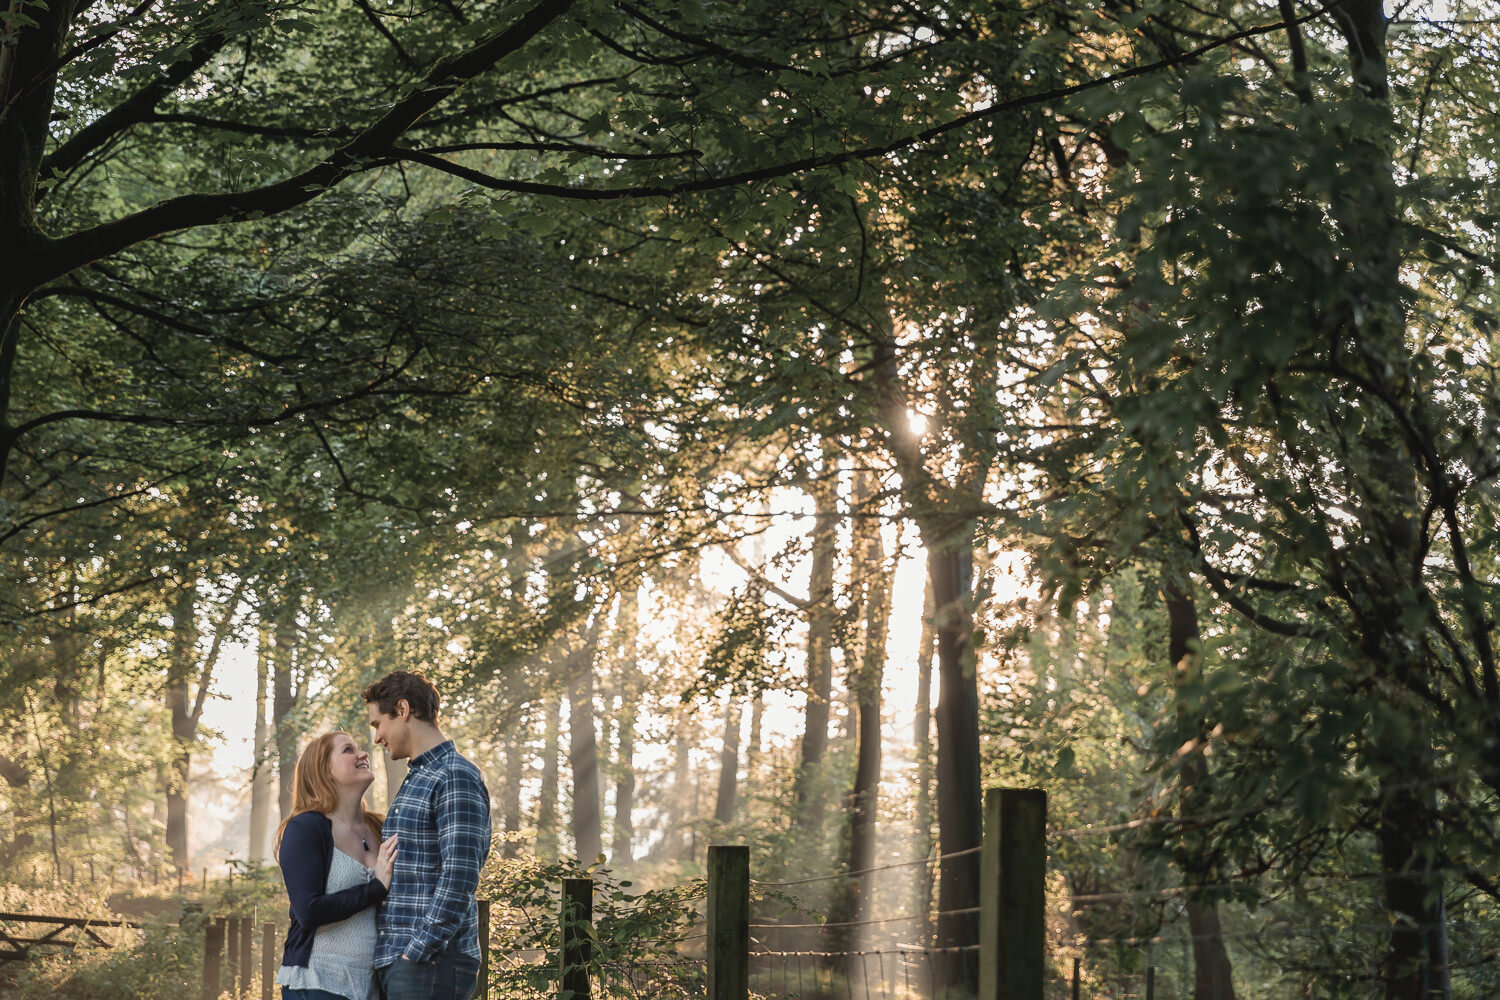 Cheshire-pre-wedding-photoshoot-in-the-forest-031.jpg
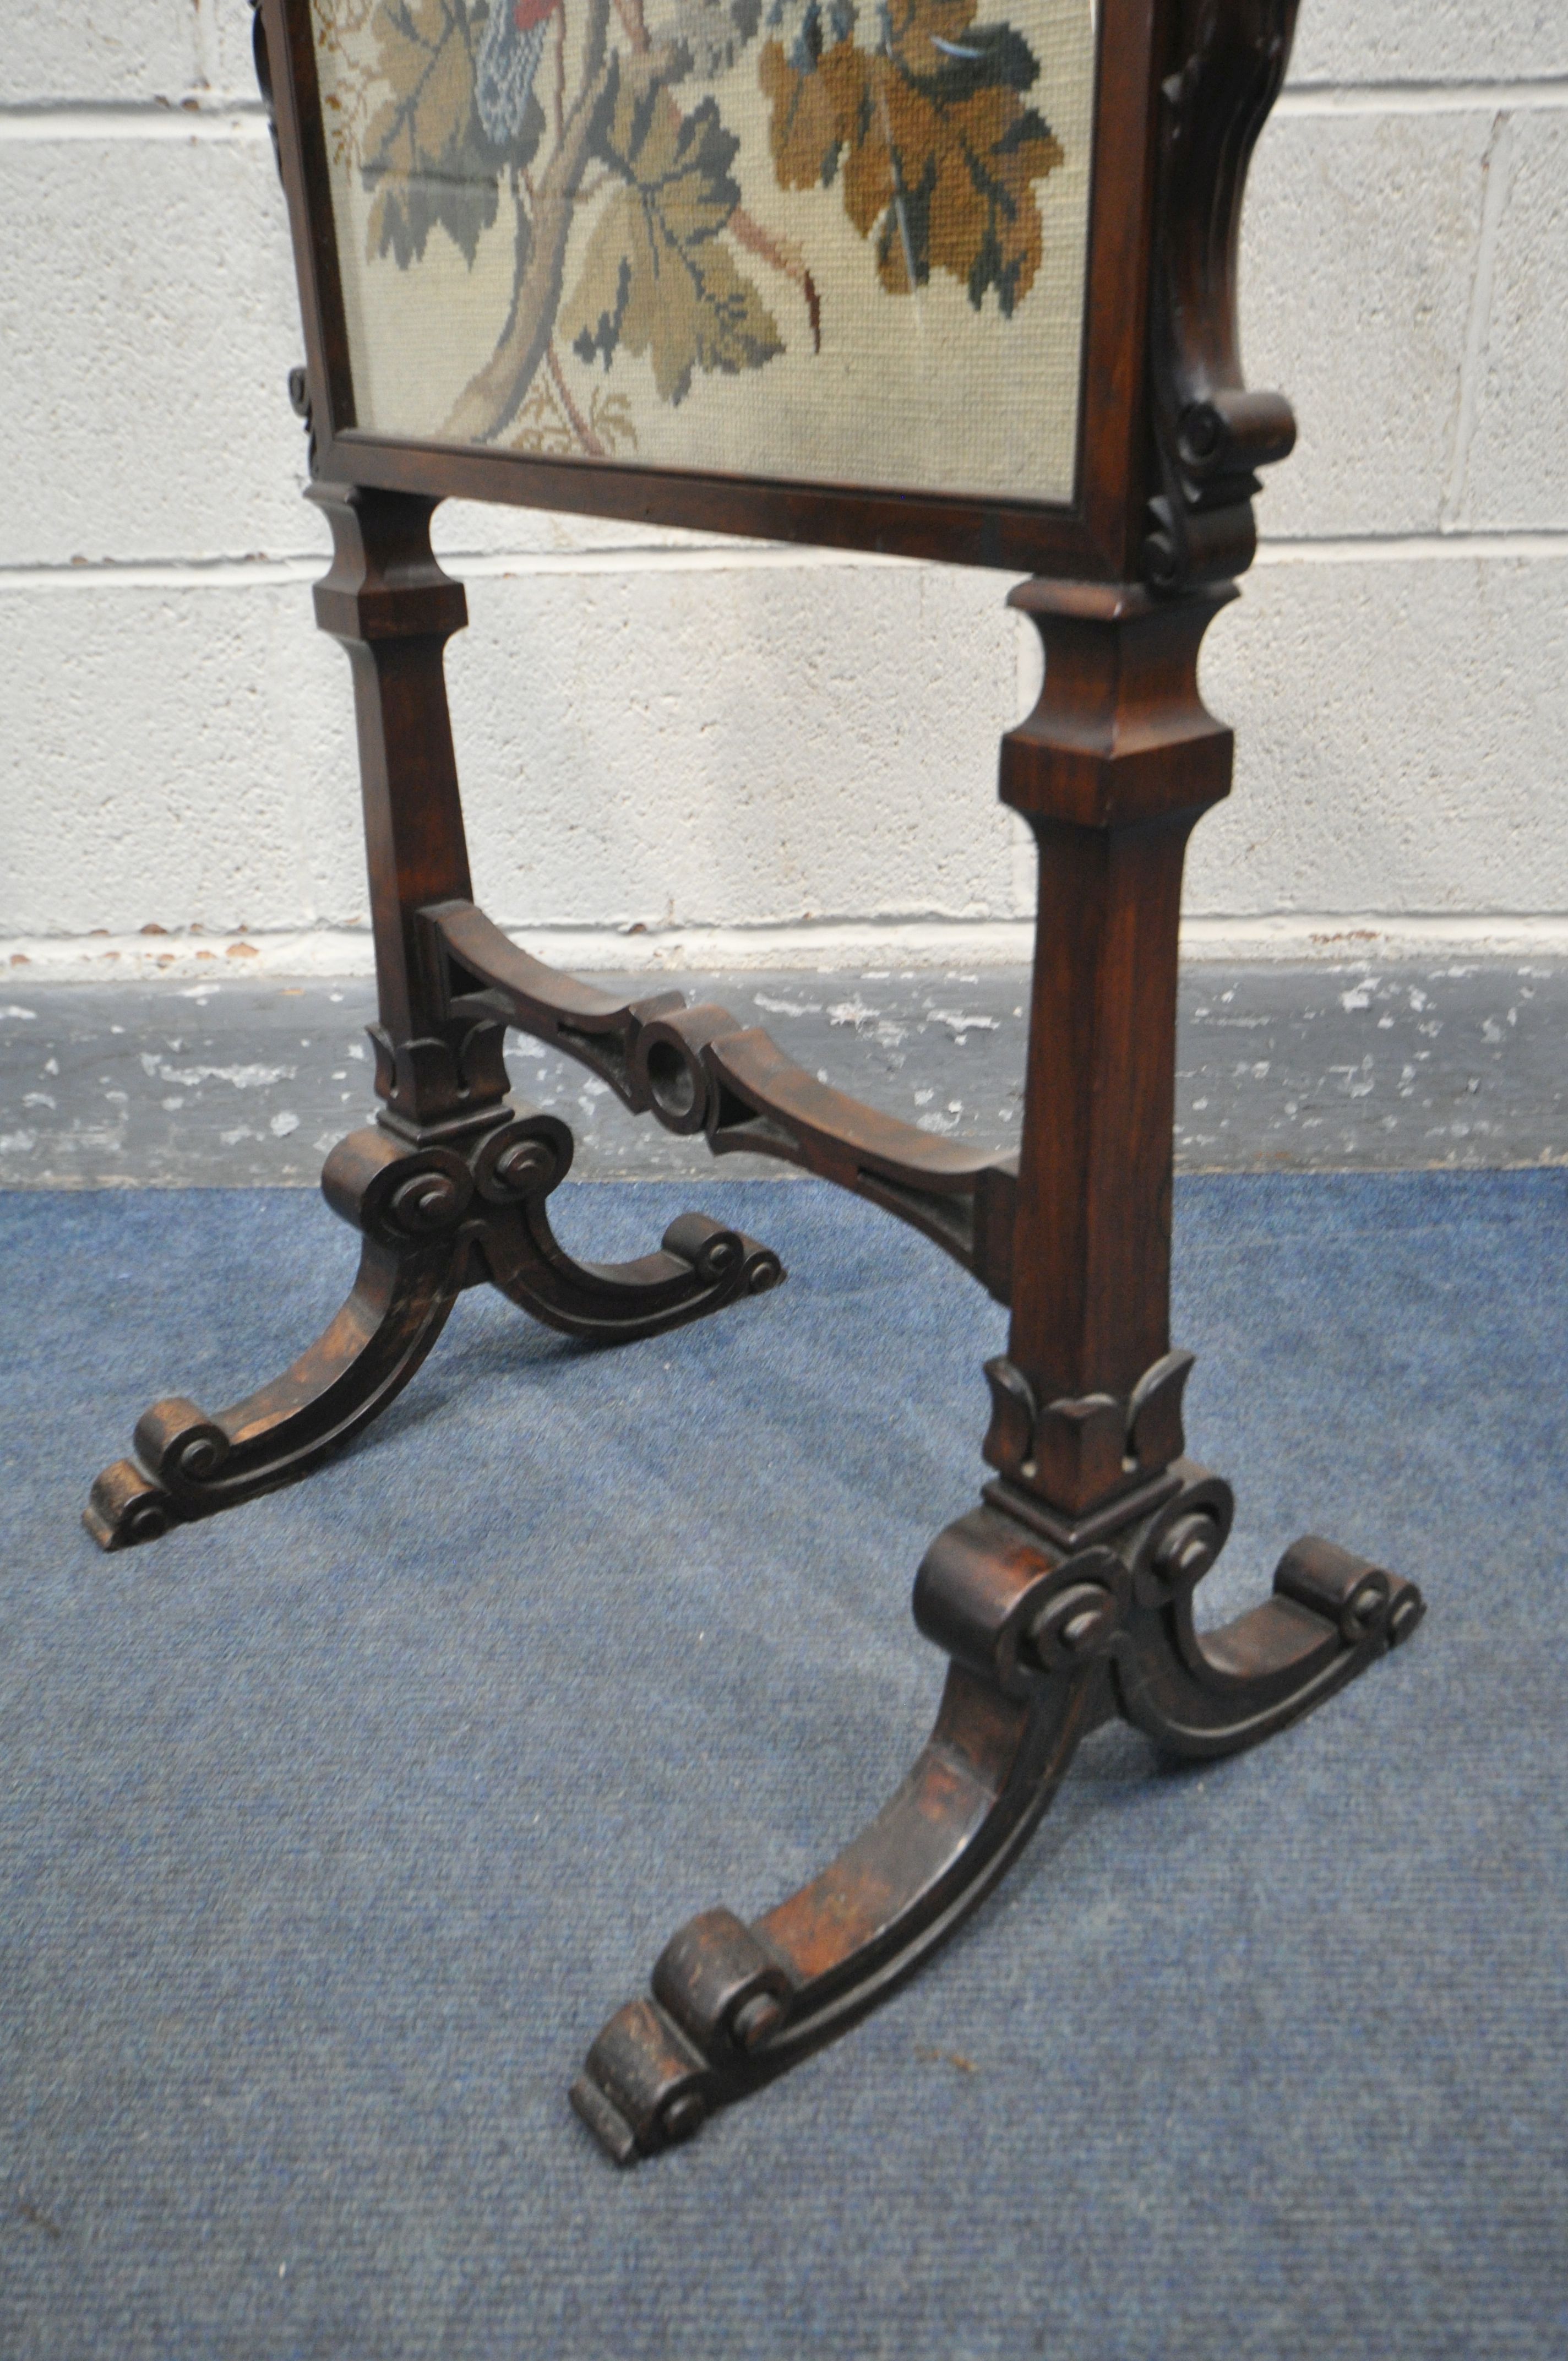 AN EARLY VICTORIAN ROSEWOOD FIRESCREEN, the frame with foliate scrolls, the glass panel enclosing - Image 4 of 5
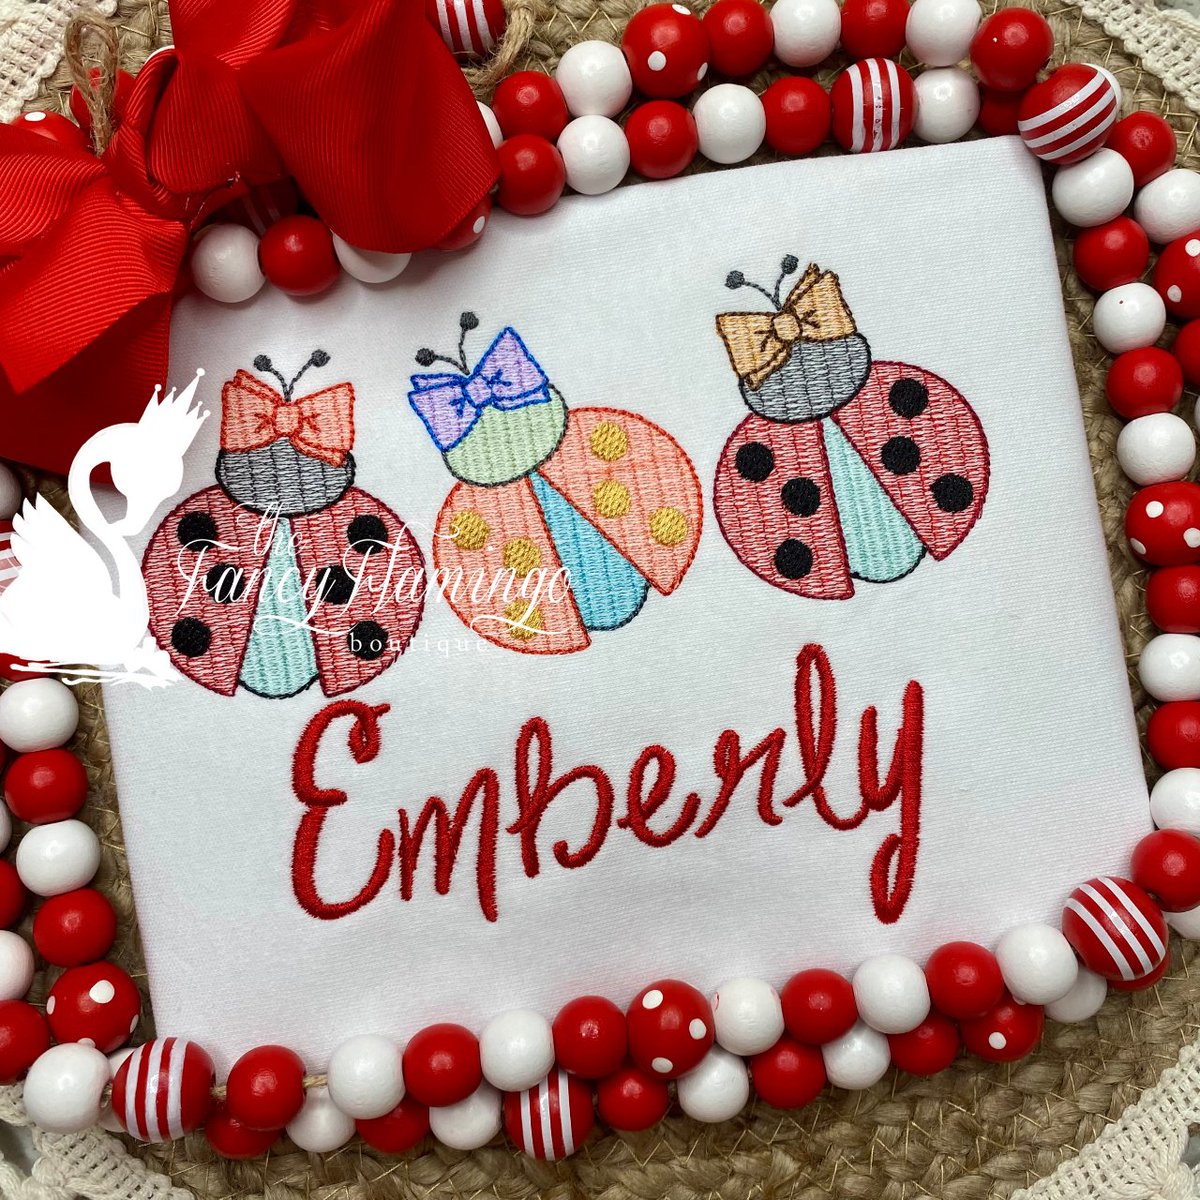 This adorable shirt features a charming ladybug trio with bows, skillfully embroidered to create a personalized sketch just for your little girl.  # #ladybug #ladybugparty #ladybuggirl #machineembroidery #personalizedclothing #personalizedgifts #jacksonvillemoms
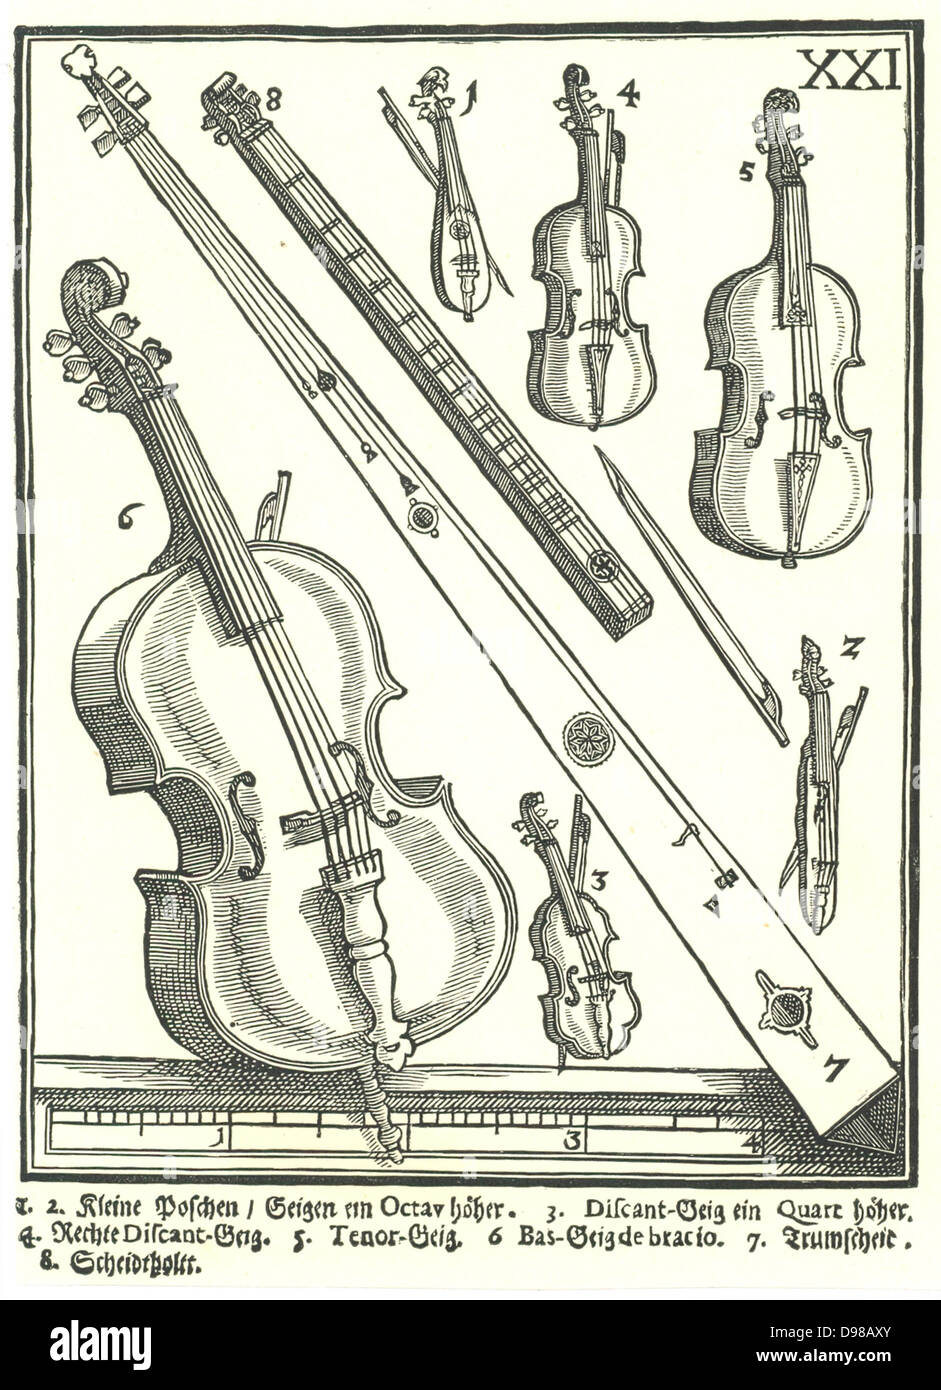 Violins and related instruments. l and 2: Pocket Violins, 3: Treble Violin, 4: Standard Treble Violin, 5: Tenor Violin, 6: Bass Viol, 7: Trumscheit, 8: Scheidtholst. Woodcut from Michael Praetorius 'Syntagma Musicum', 1615-1620. Stock Photo

Exercise: When you reach the line containing "AN EARLY VICTORIAN" in the listing above, reproduce it and every line after it through the last, exactly; omit the pictures.

Solution to the problem:
 AN EARLY VICTORIAN ROSEWOOD FIRESCREEN, the frame with foliate scrolls, the glass panel enclosing - Image 4 of 5
 This adorable shirt features a charming ladybug trio with bows, skillfully embroidered to create a personalized sketch just for your little girl.  # #ladybug #ladybugparty #ladybuggirl #machineembroidery #personalizedclothing #personalizedgifts #jacksonvillemoms
 Violins and related instruments. l and 2: Pocket Violins, 3: Treble Violin, 4: Standard Treble Violin, 5: Tenor Violin, 6: Bass Viol, 7: Trumscheit, 8: Scheidtholst. Woodcut from Michael Praetorius 'Syntagma Musicum', 1615-1620. Stock Photo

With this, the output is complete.